Berezovsky - whose interests ran from automobiles to airplanes to aluminum - was one of this dark period's primary beneficiaries. He became a political operator in Russian President Boris Yeltsin's inner circle, trading on his connections to rack up assets estimated by Forbes to be worth roughly $3 billion in 1997.
"No man profited more from Russia's slide into the abyss," wrote author Paul Klebnikov in a critical profile of Berezovsky entitled, "Godfather of the Kremlin."
Eventually, the abyss began threatening Berezovsky as well.
The tycoon had been instrumental in orchestrating the accession of Yelstin's successor, Vladimir Putin, but when the new leader and Berezovsky began to clash, his political cover disintegrated. Berezovsky then fled the country in 2000, eventually claiming political asylum in Britain.

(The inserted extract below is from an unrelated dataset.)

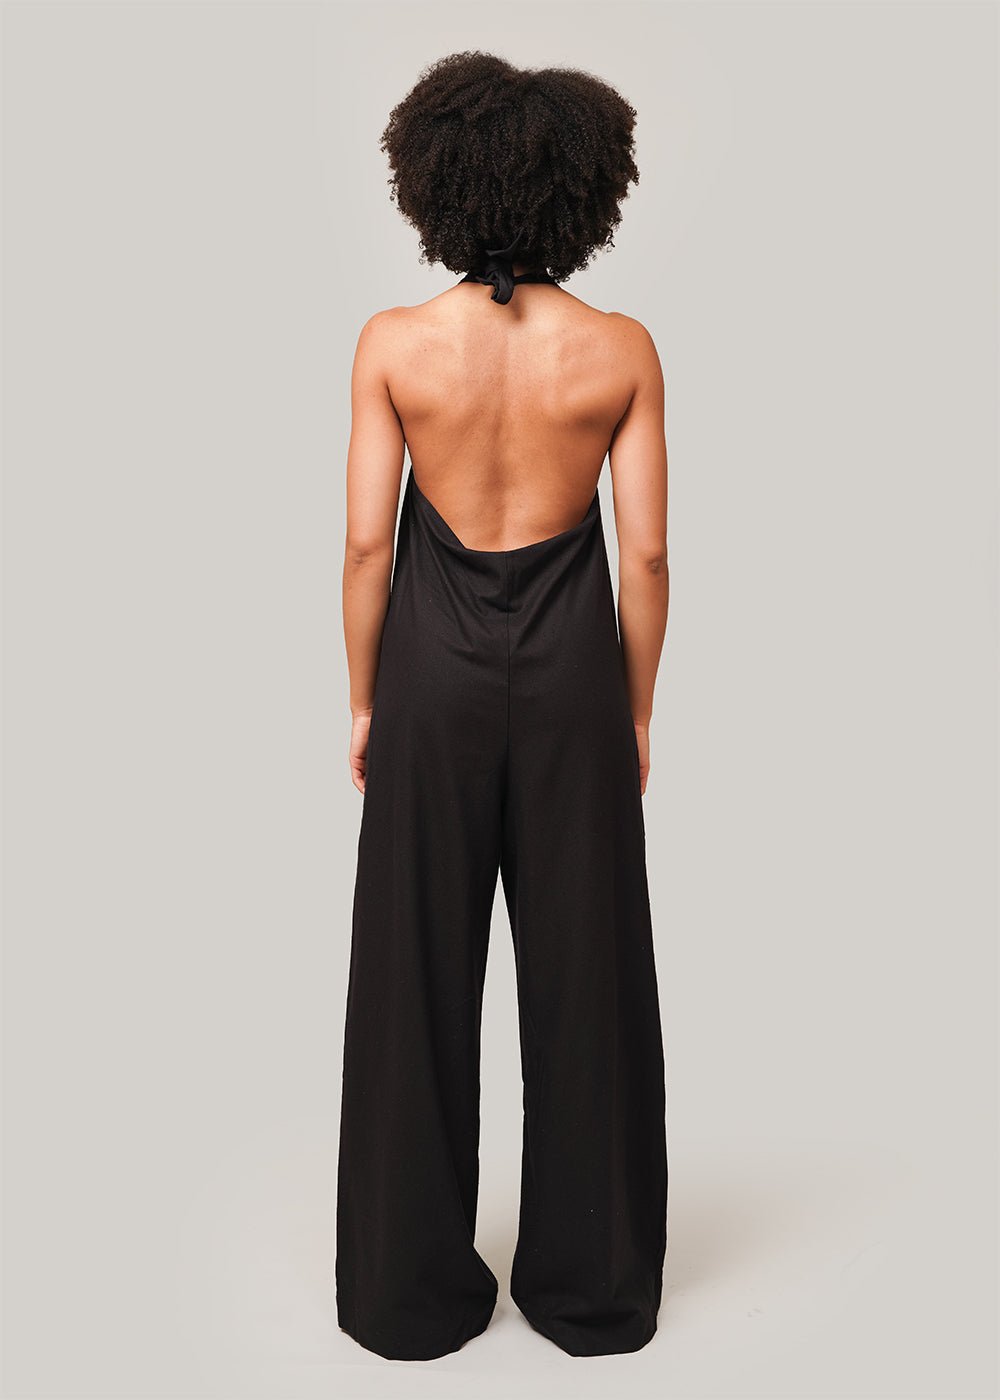 Baserange Black Trope Jumpsuit - New Classics Studios Sustainable Ethical Fashion Canada

Jonathan Sanders, a journalism professor at Stony Brook University in New York and a former CBS News Moscow correspondent, interviewed Berezovsky on several occasions. He told CBS Radio News that Berezovsky's life was the stuff of spy novels.
"With a character like Boris Berezovsky, you always have to think, what's the worst that can happen, how could this be something out of a spy thriller, how could the Kremlin have wreaked its revenge on Berezovsky?" Sanders said.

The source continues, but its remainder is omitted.